Imitation Learning via Focused Satisficing
Rushit N. Shah, Nikolaos Agadakos, Synthia Sasulski, Ali Farajzadeh, Sanjiban Choudhury, Brian Ziebart
TL;DR
The paper reframes imitation learning through satisficing theory, arguing that demonstrators often prioritize acceptable rather than optimal behavior and introduces Minimally Subdominant Focused Imitation (MinSubFI) that minimizes subdominance to surpass aspirational levels on unseen demonstrations. It develops a margin-based, snippet- and stochastic-policy-enabled objective, derives policy-gradient updates, and provides online/offline learning variants plus a learned-cost-feature representation from pairwise preferences. The approach yields higher demonstrator acceptability and competitive true returns across CartPole, LunarLander, Hopper, HalfCheetah, and Walker, including robustness to suboptimal and human demonstrations. This work offers a practical imitation-learning paradigm with explicit acceptability guarantees that can adapt to dynamic aspirational criteria without requiring explicit reward reconstruction.
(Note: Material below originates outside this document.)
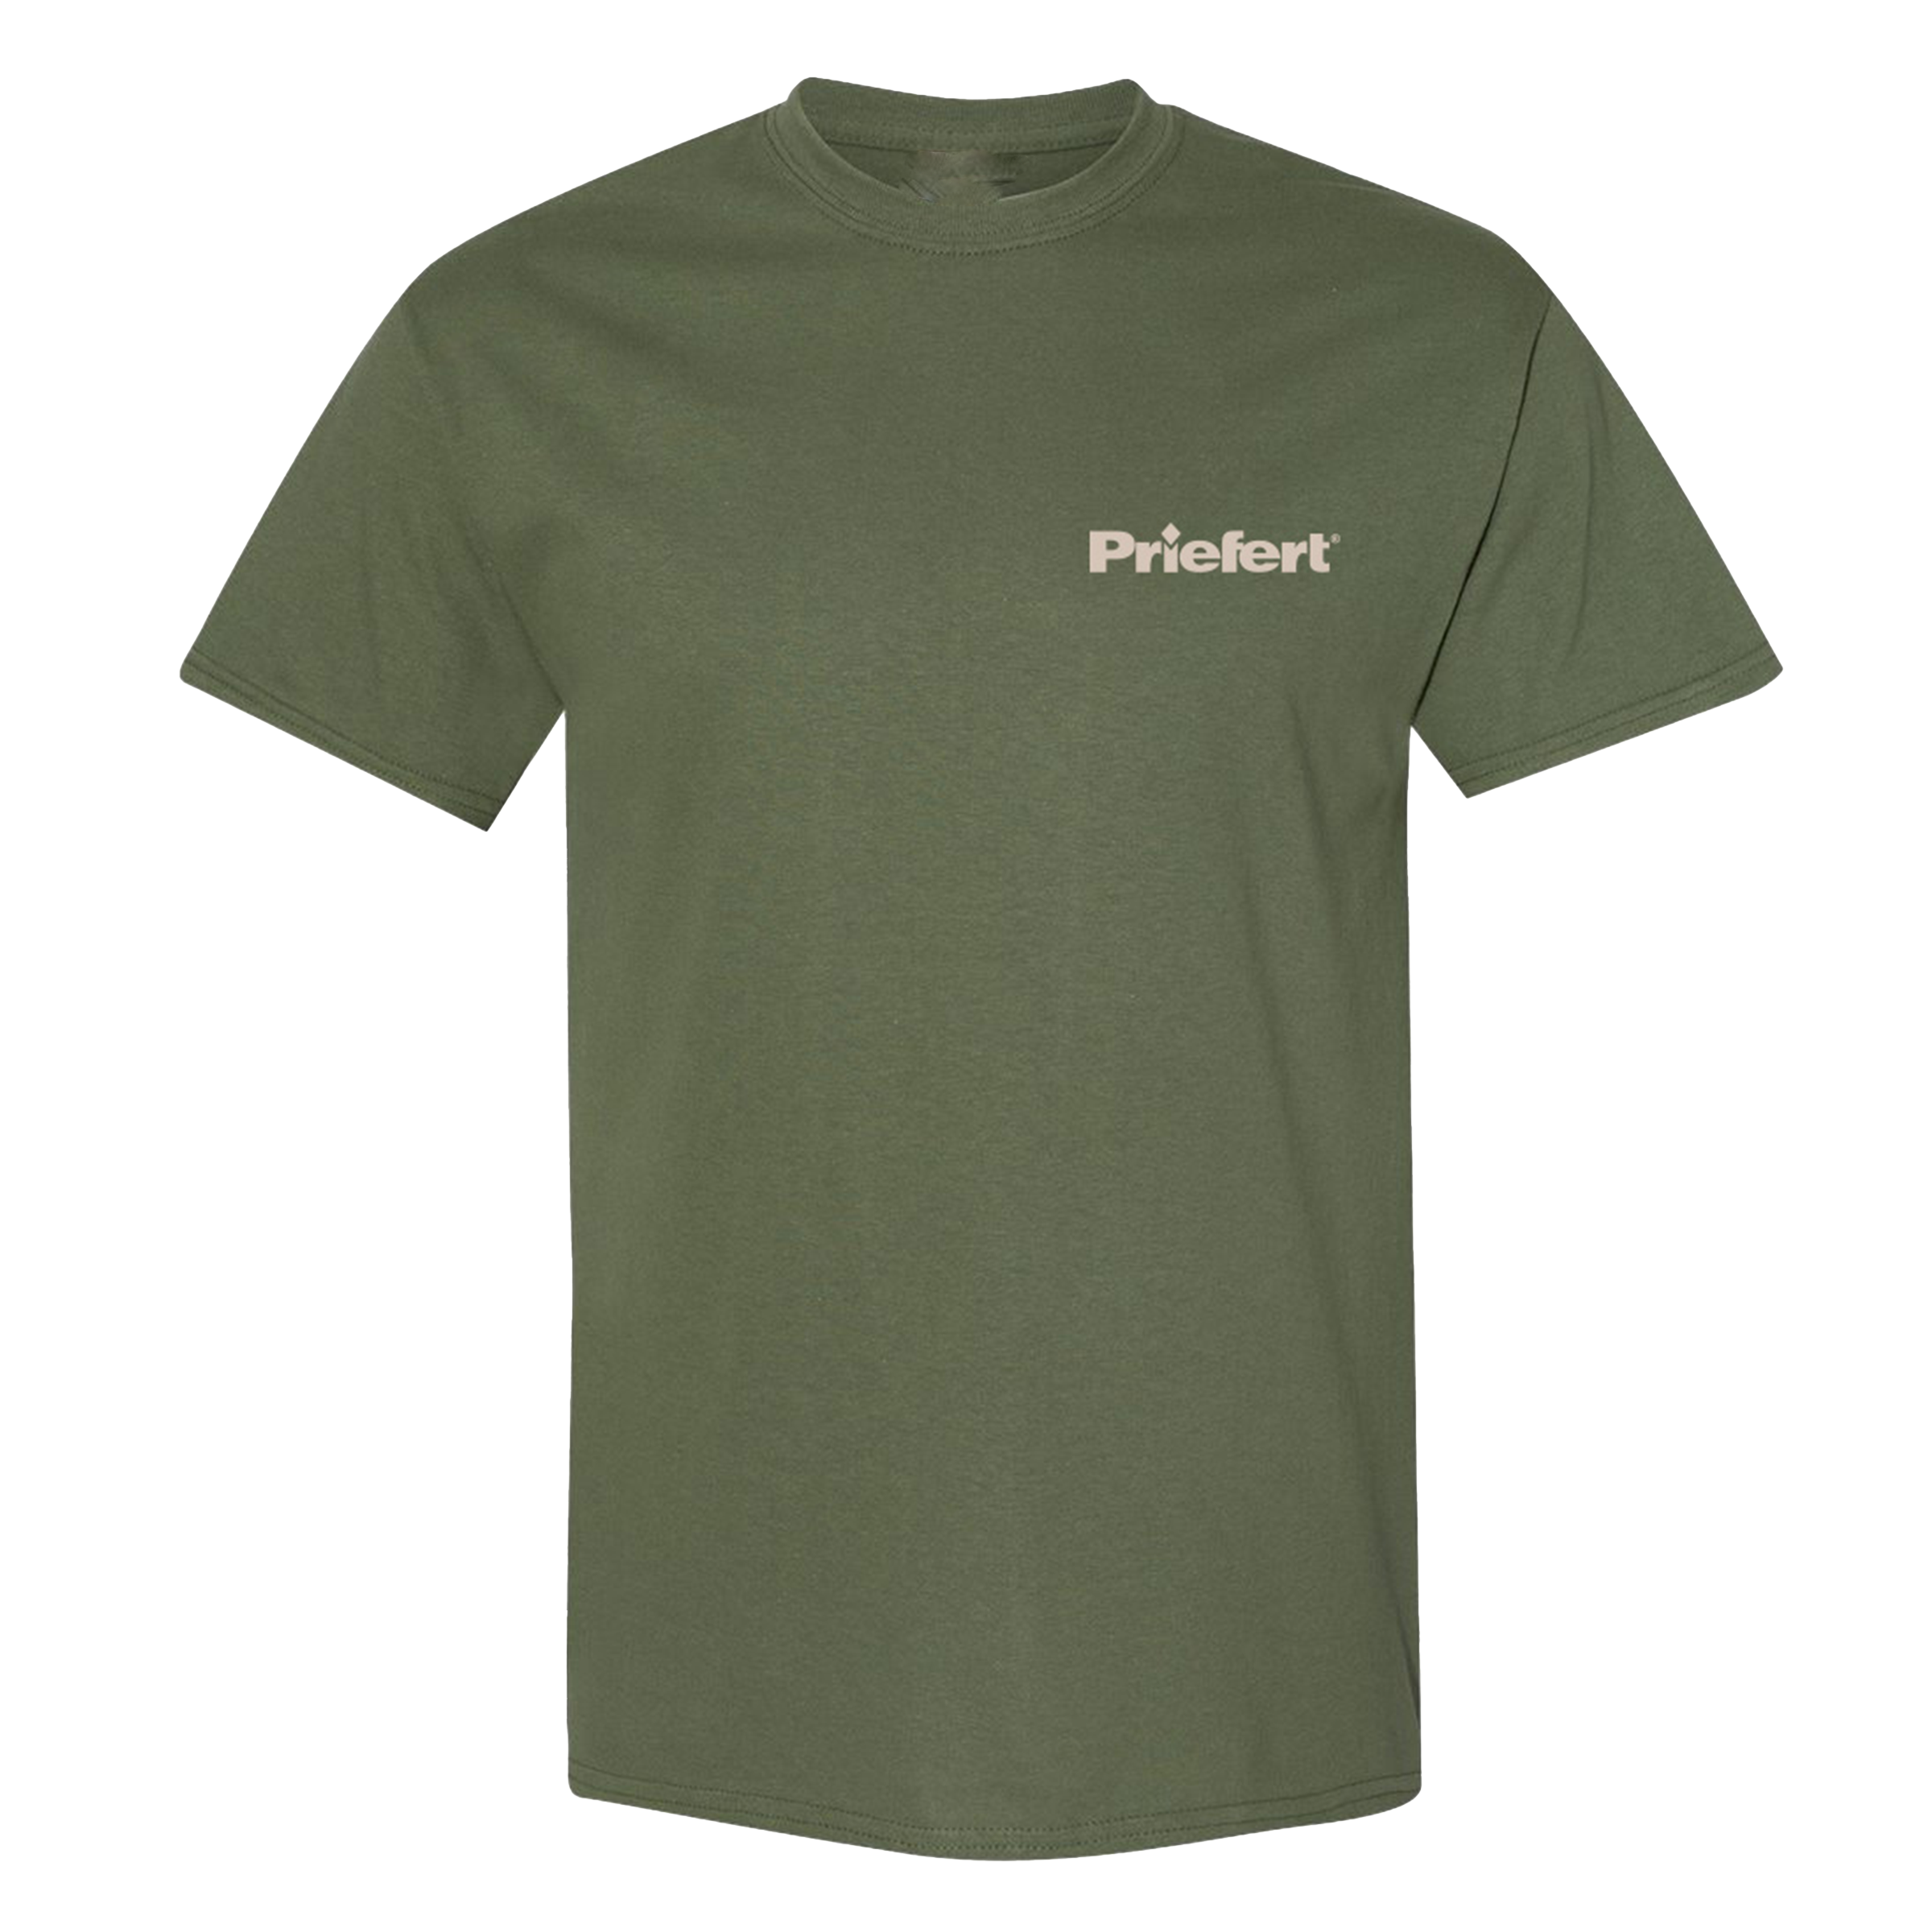 Military Green 1964 Priefert T-Shirt

The framework’s generalization bounds and snippet-focused mechanisms further enhance reliability in real-world, varying-aspiration settings.
Abstract
Imitation learning often assumes that demonstrations are close to optimal according to some fixed, but unknown, cost function. However, according to satisficing theory, humans often choose acceptable behavior based on their personal (and potentially dynamic) levels of aspiration, rather than achieving (near-) optimality. For example, a lunar lander demonstration that successfully lands without crashing might be acceptable to a novice despite being slow or jerky. Using a margin-based objective to guide deep reinforcement learning, our focused satisficing approach to imitation learning seeks a policy that surpasses the demonstrator's aspiration levels -- defined over trajectories or portions of trajectories -- on unseen demonstrations without explicitly learning those aspirations. We show experimentally that this focuses the policy to imitate the highest quality (portions of) demonstrations better than existing imitation learning methods, providing much higher rates of guaranteed acceptability to the demonstrator, and competitive true returns on a range of environments.